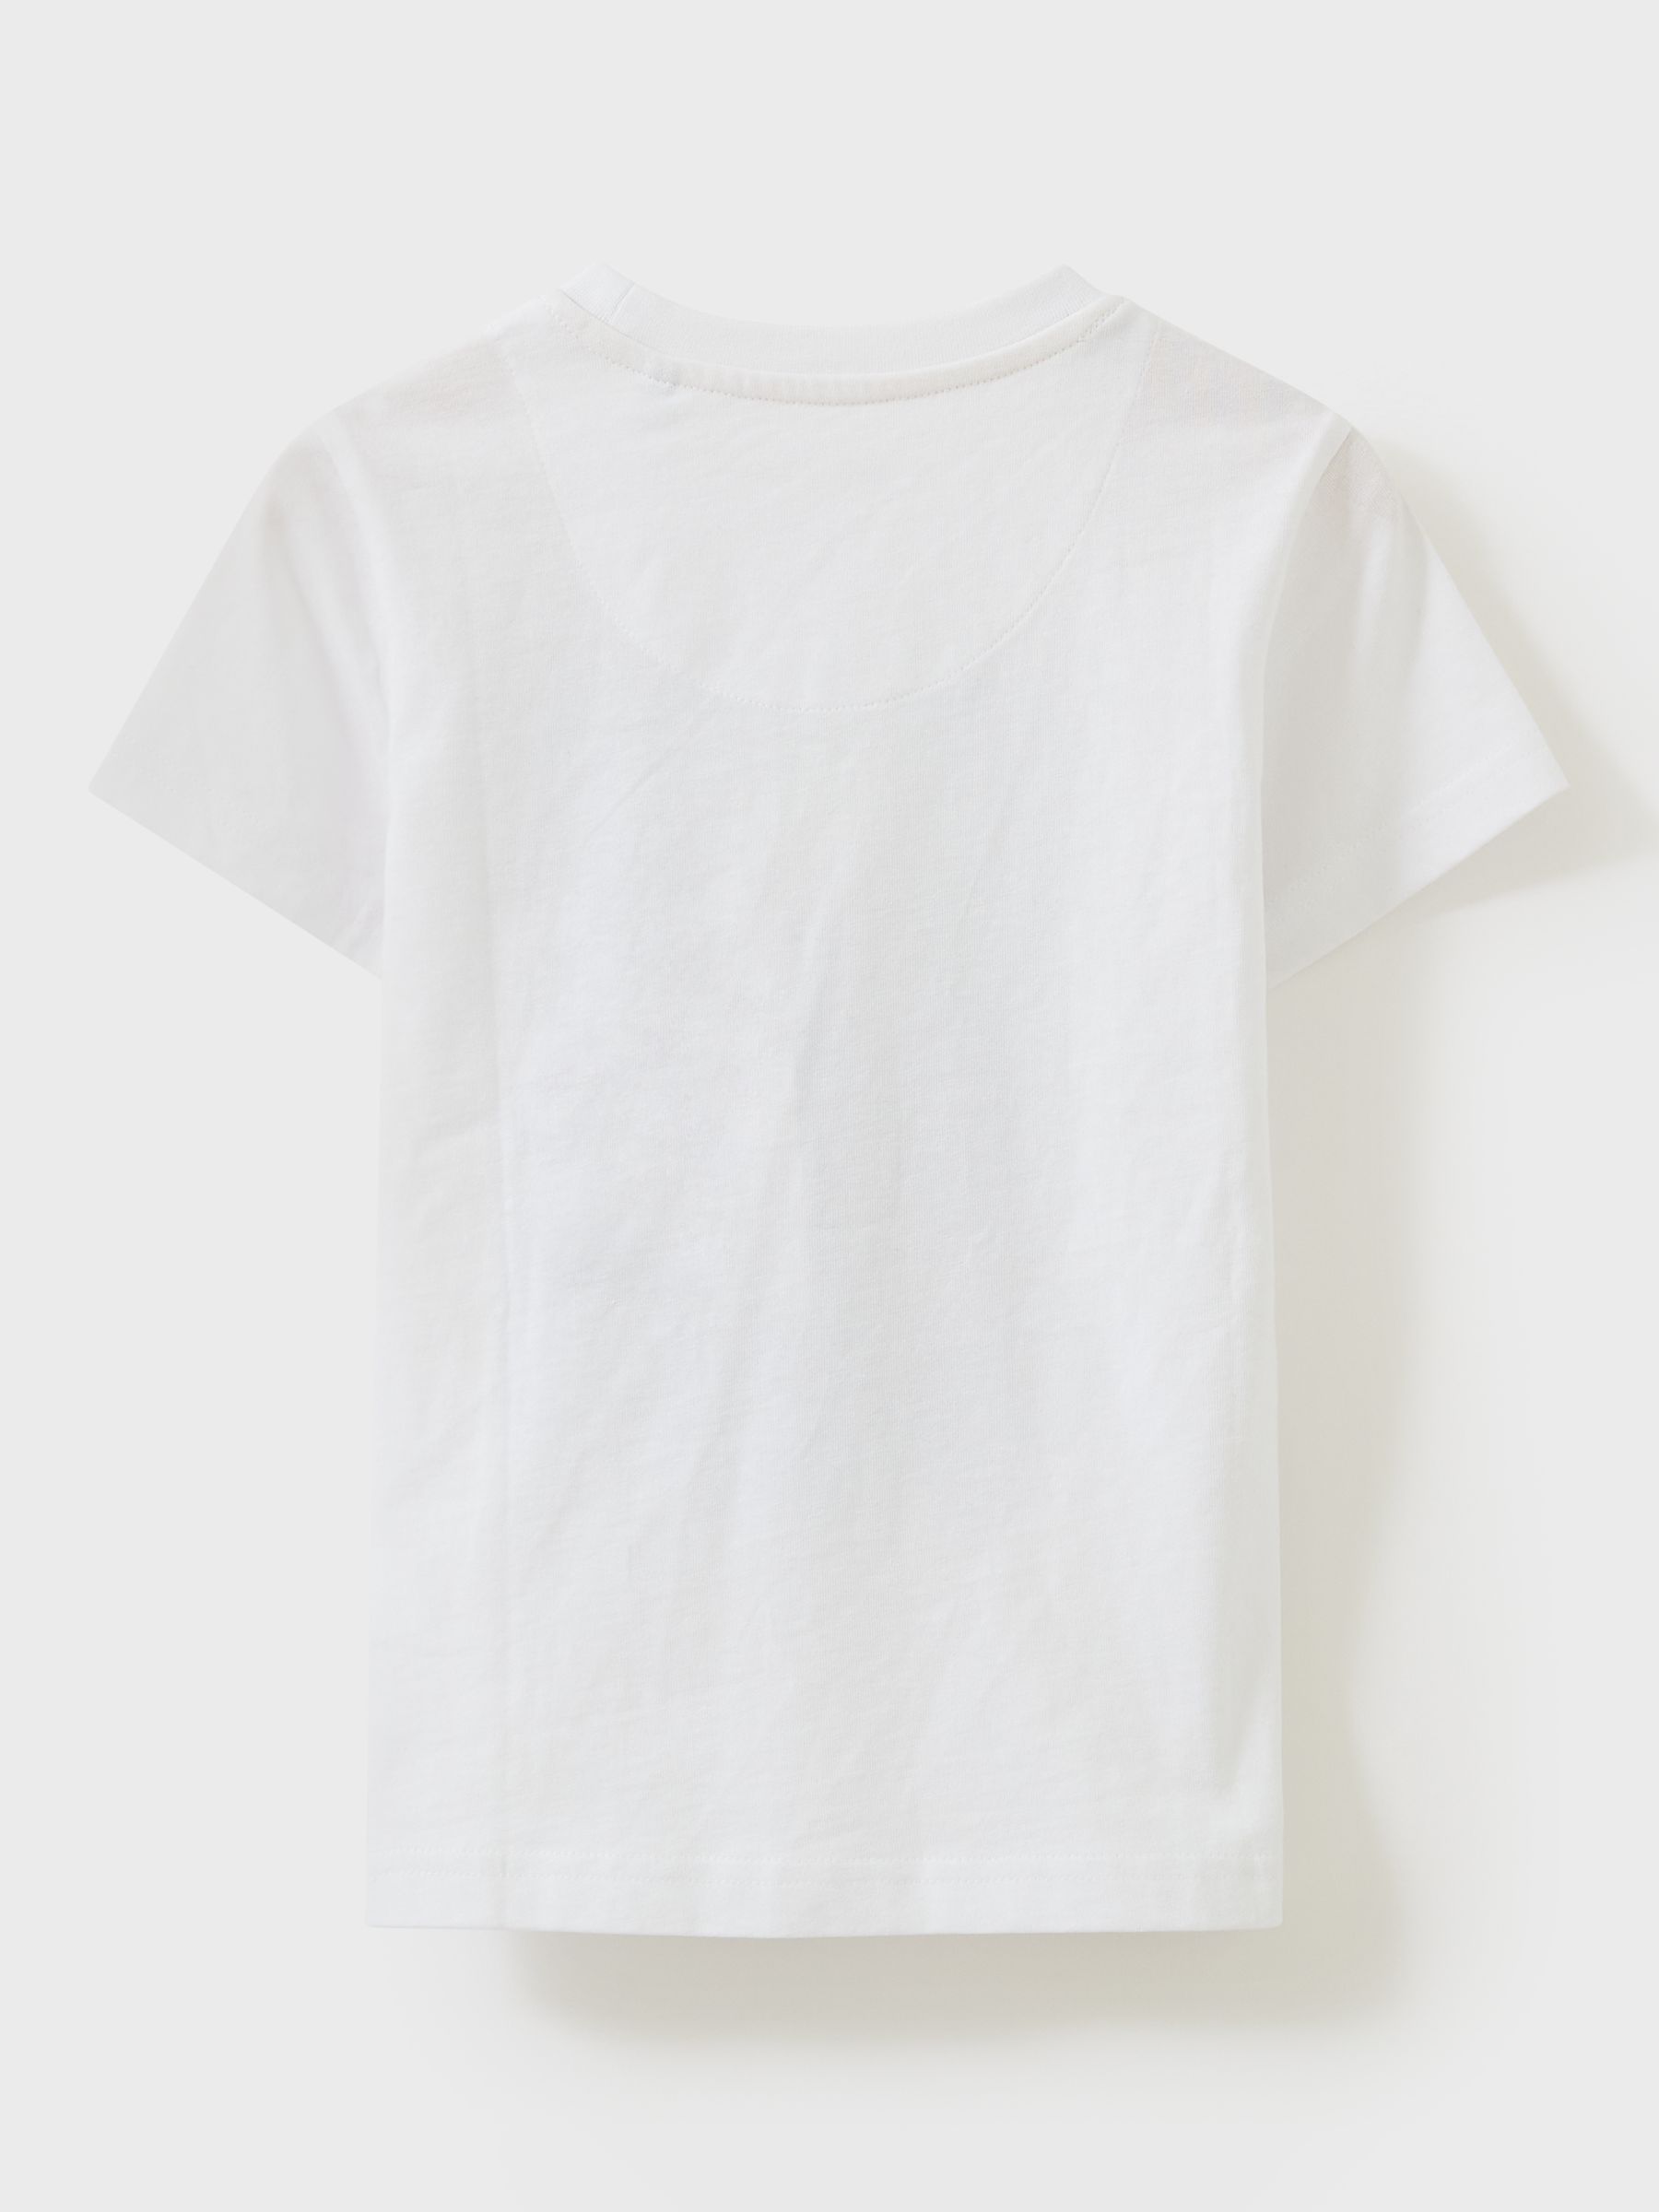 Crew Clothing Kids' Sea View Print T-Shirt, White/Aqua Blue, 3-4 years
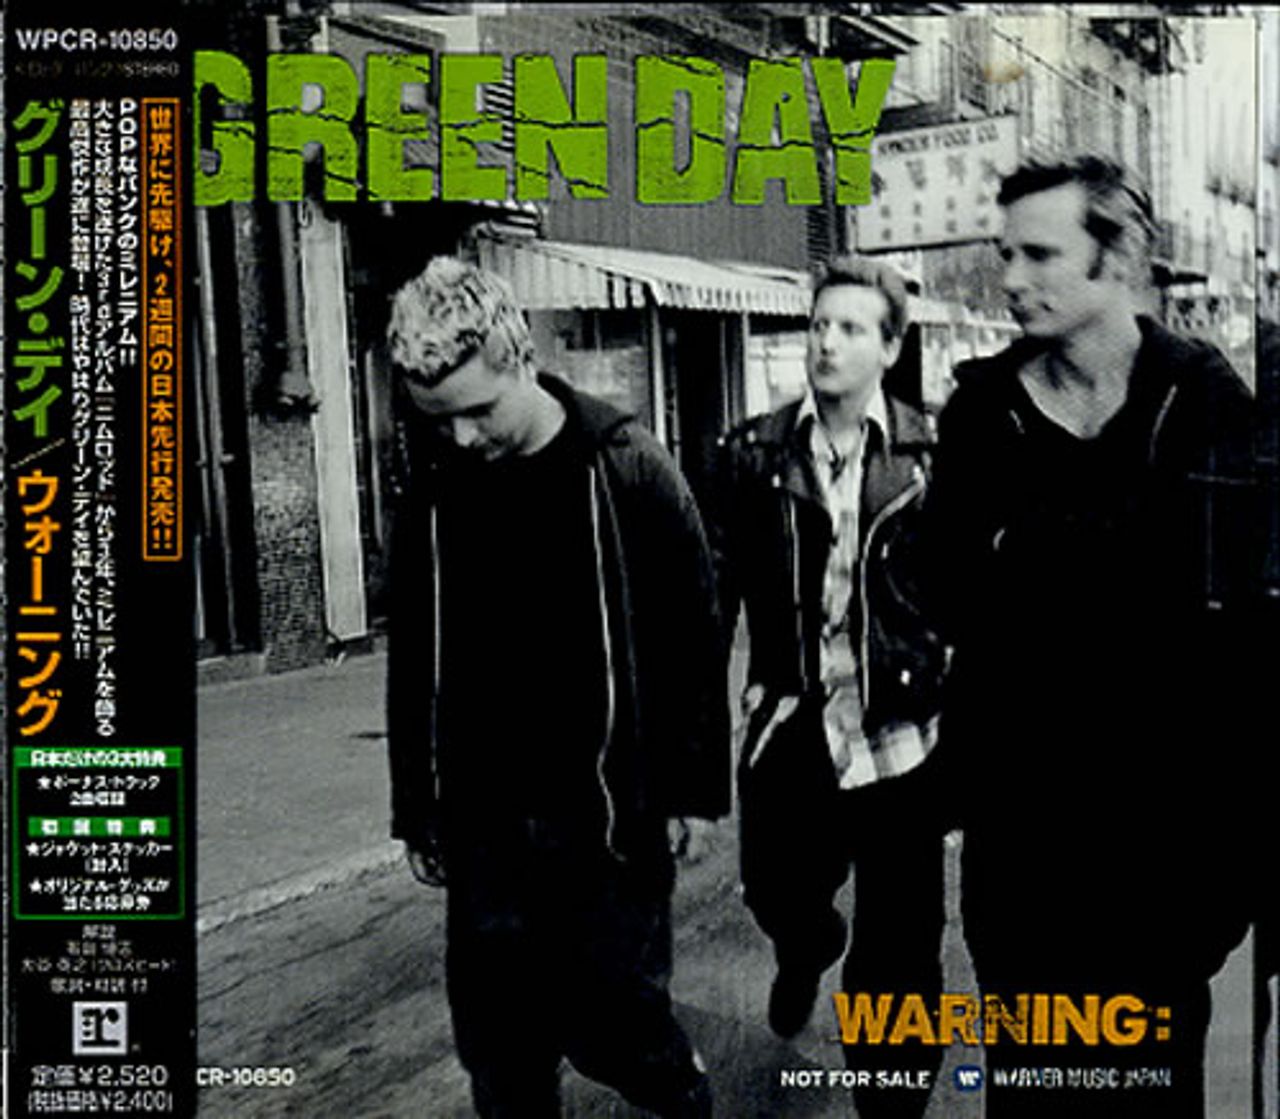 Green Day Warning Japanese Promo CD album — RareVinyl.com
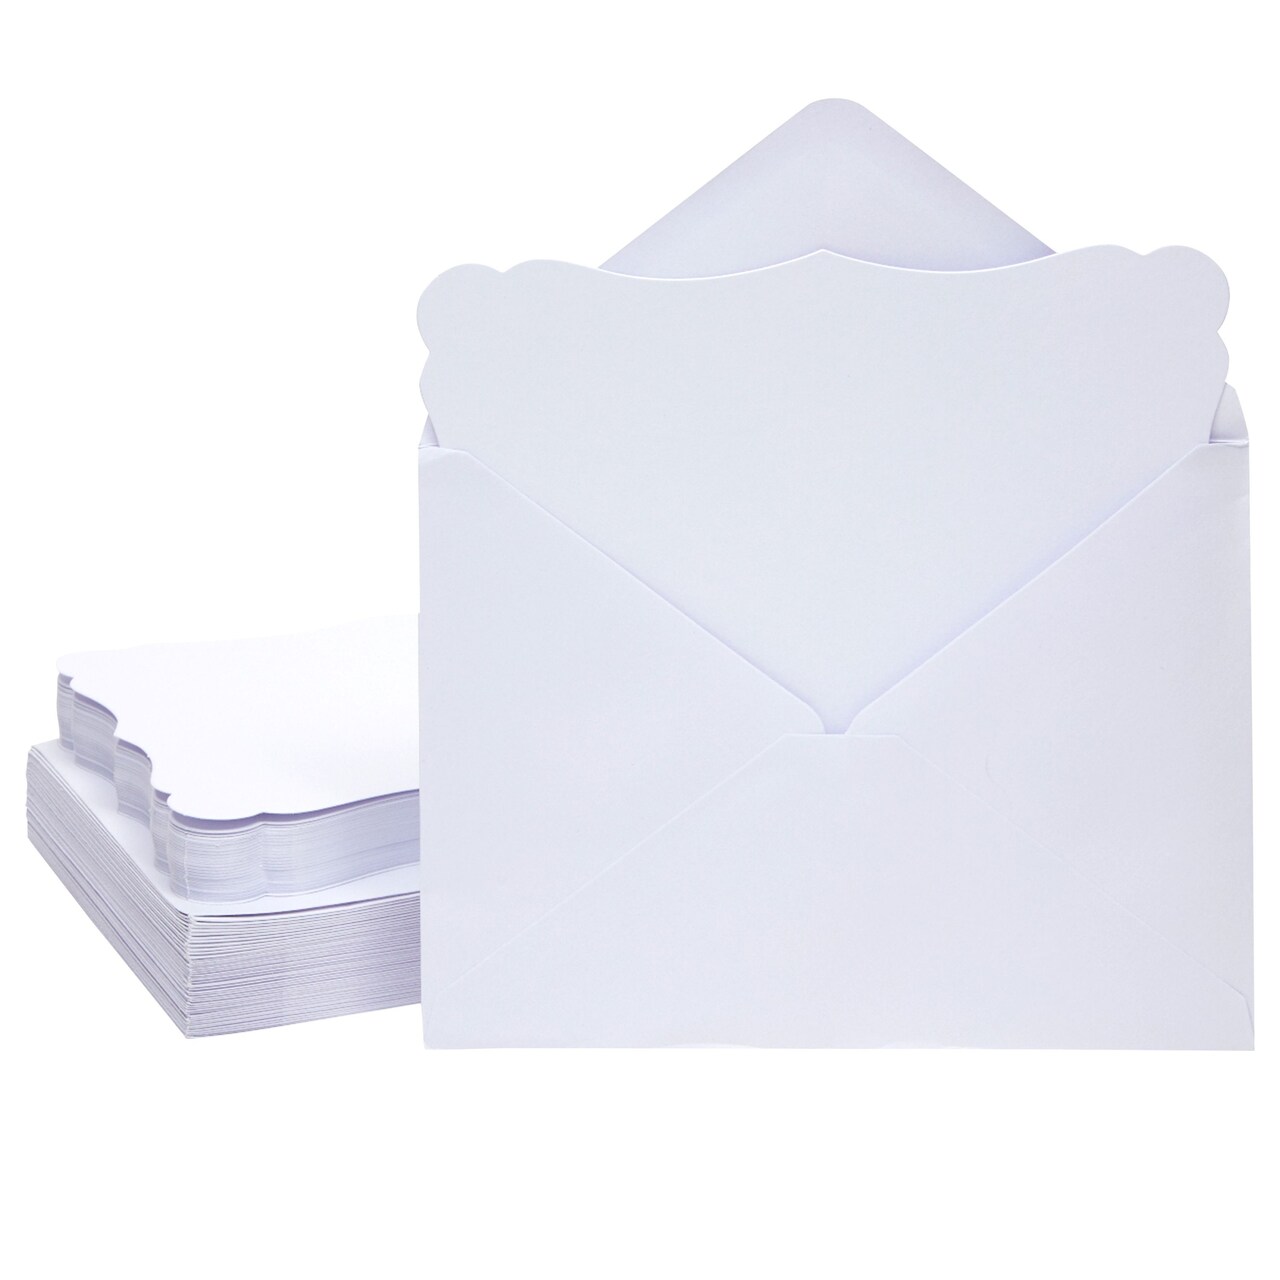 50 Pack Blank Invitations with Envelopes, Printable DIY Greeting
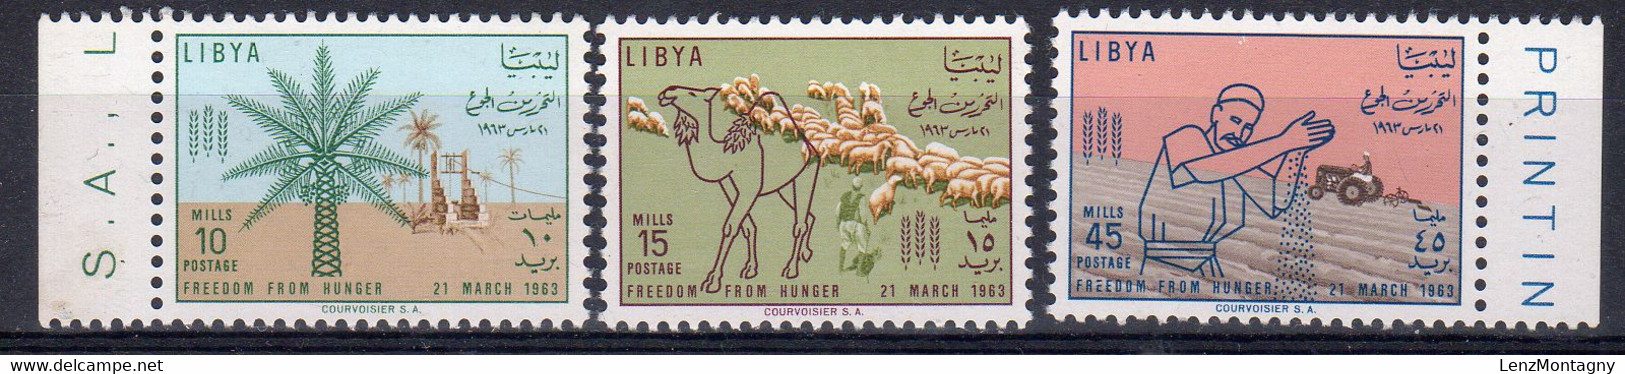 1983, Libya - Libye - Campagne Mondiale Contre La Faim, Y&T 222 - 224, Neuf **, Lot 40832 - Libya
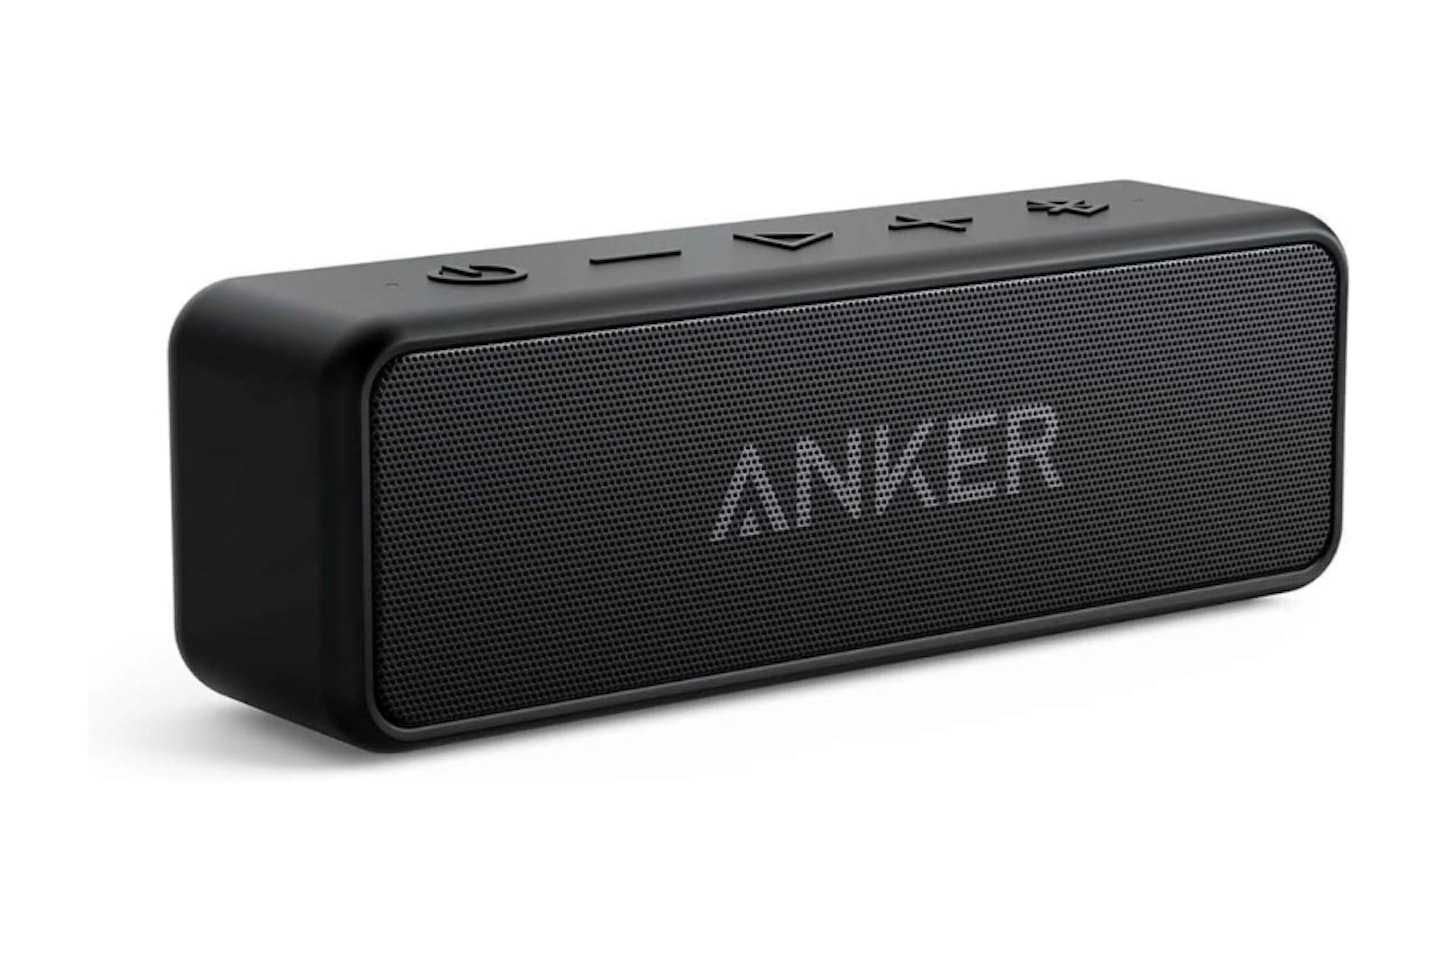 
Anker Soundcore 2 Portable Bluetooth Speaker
.....
> [Work item] Output exactly the lines from the line with "50 Pack Blank" to the last line of the records, including both, and leave every picture out.

> [Solution for this exercise]
 50 Pack Blank Invitations with Envelopes, Printable DIY Greeting
 1983, Libya - Libye - Campagne Mondiale Contre La Faim, Y&T 222 - 224, Neuf **, Lot 40832 - Libya
Anker Soundcore 2 Portable Bluetooth Speaker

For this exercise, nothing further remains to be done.